Hospital Reimbursements and the ACA
One goal of the Affordable Care Act (ACA) is to reduce costs by forcing hospitals to provide quality care more efficiently. The following provisions from the ACA directly impact the reimbursements that hospitals receive for providing care to patients:
- 2008 – “Never Events”
- 2011 – Market Basket Adjustment
- 2012 – High 30-Day Readmission Rates for AMI, heart failure, pneumonia.
- 2012 – Value Based Purchasing
- 2014 – Disproportionate Share payments cut.
- 2015 – Hospital Acquired Infections – top quartile.
Never Events – As of 2008 the Centers for Medicare and Medicaid Services (CMS) no longer reimbursed a hospital for procedures which resulted in a “never event.” A “never event” is an error that should never occur in a health care setting, such as surgery on the wrong patient or the wrong body part.
Market Basket Adjustment: The ACA reduces market basket updates for inpatient and outpatient hospital services, as well as for Inpatient Psychiatric Facilities (IPF’s), Inpatient Rehabilitation Facilities (IRF’s) and Long Term Care Hospitals (LTCH’s).
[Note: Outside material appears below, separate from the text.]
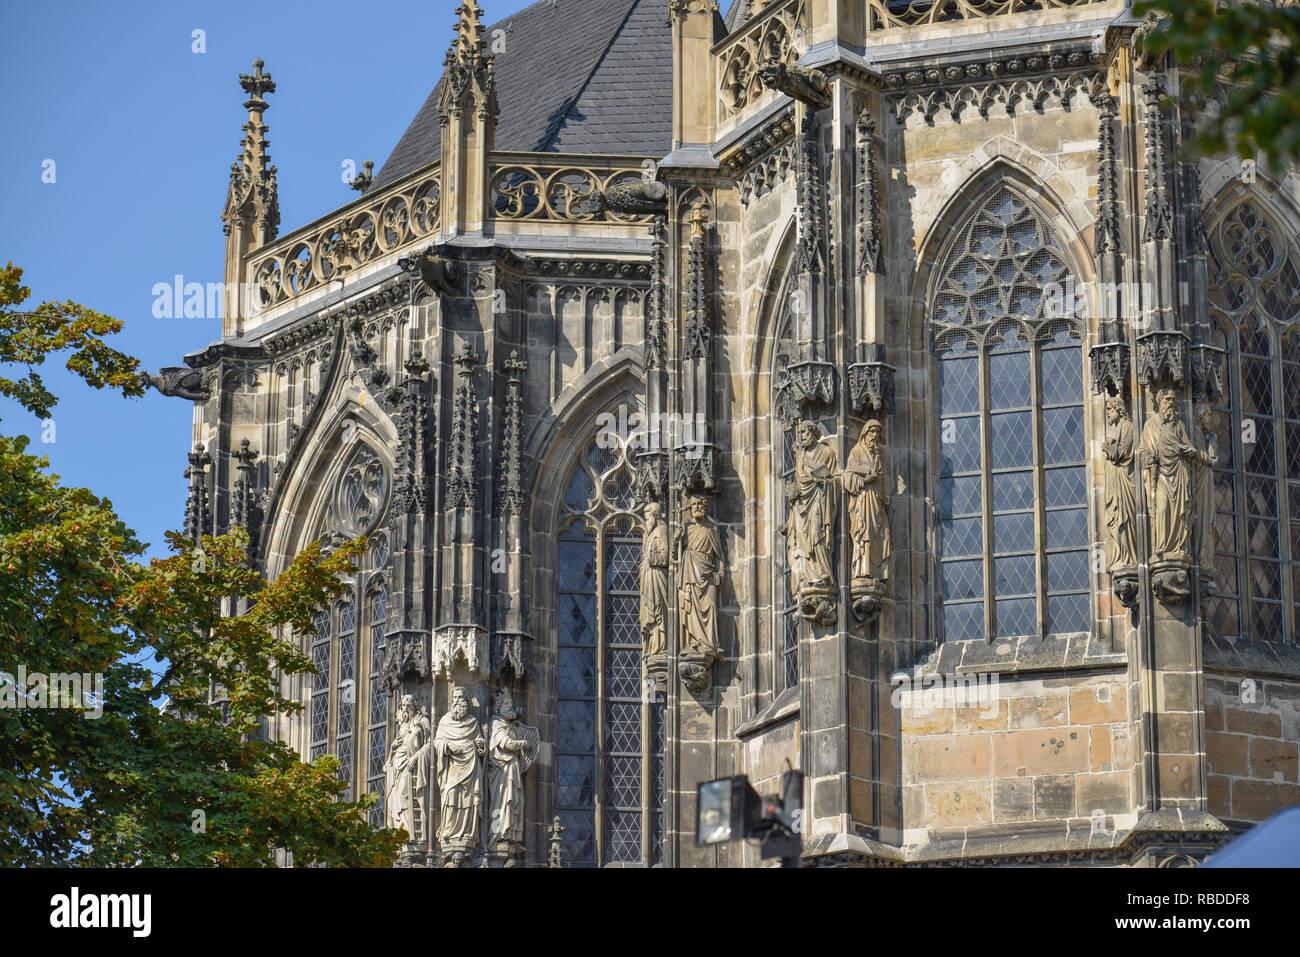 Outside sculptures, cathedral, Aachen, North Rhine-Westphalia, Germany, Aussenskulpturen, Dom, Nordrhein-Westfalen, Deutschland Stock Photo

Market basket reductions are estimated to save an estimated $112 billion over 10 years. These reductions are retroactive to January 1, 2010, and extend for a period of 10 years, and beyond.
30-Day Hospital Readmission Rates: Medicare will reduce payments to hospitals for potentially preventable readmissions for select conditions. Hospital readmission rates for these conditions will be published on the Center for Medicare/Medicaid Services’ Hospital Compare Web site.
Hospital Value-based Purchasing program: Medicare will reward hospitals that provide higher quality or better patient outcomes. Under the Program, CMS will make value-based incentive payments to acute care hospitals, based either on how well the hospitals perform on certain quality measures or how much the hospitals’ performance improves on certain quality measures from their performance during a baseline period. The higher a hospital’s performance or improvement during the performance period for a fiscal year, the higher the hospital’s value-based incentive payment for the fiscal year would be.
Disproportionate Share Payment (DSH): Under the ACA, Medicaid DSH payments will be reduced by $14.1 billion from FY 2014 through 2019, and Medicare DSH payments would be reduced by $22.1 billion from FY 2014 to 2019. In July 2013, CMS lproposed reducing Medicare DSH spending by $1 billion in FY 2014, as part of its inpatient prospective payment system regulation for FY 2014. The agency has also proposed a methodology for reducing federal Medicaid DSH allotments to states by the ACA-mandated levels of $500 million in FY 2014 and $600 million in FY 2015. (Source: http://www.ahanews.com/ahanews/jsp/display.jsp?dcrpath=AHANEWS/AHANewsArticle/data/AHA_News_051713_dsh)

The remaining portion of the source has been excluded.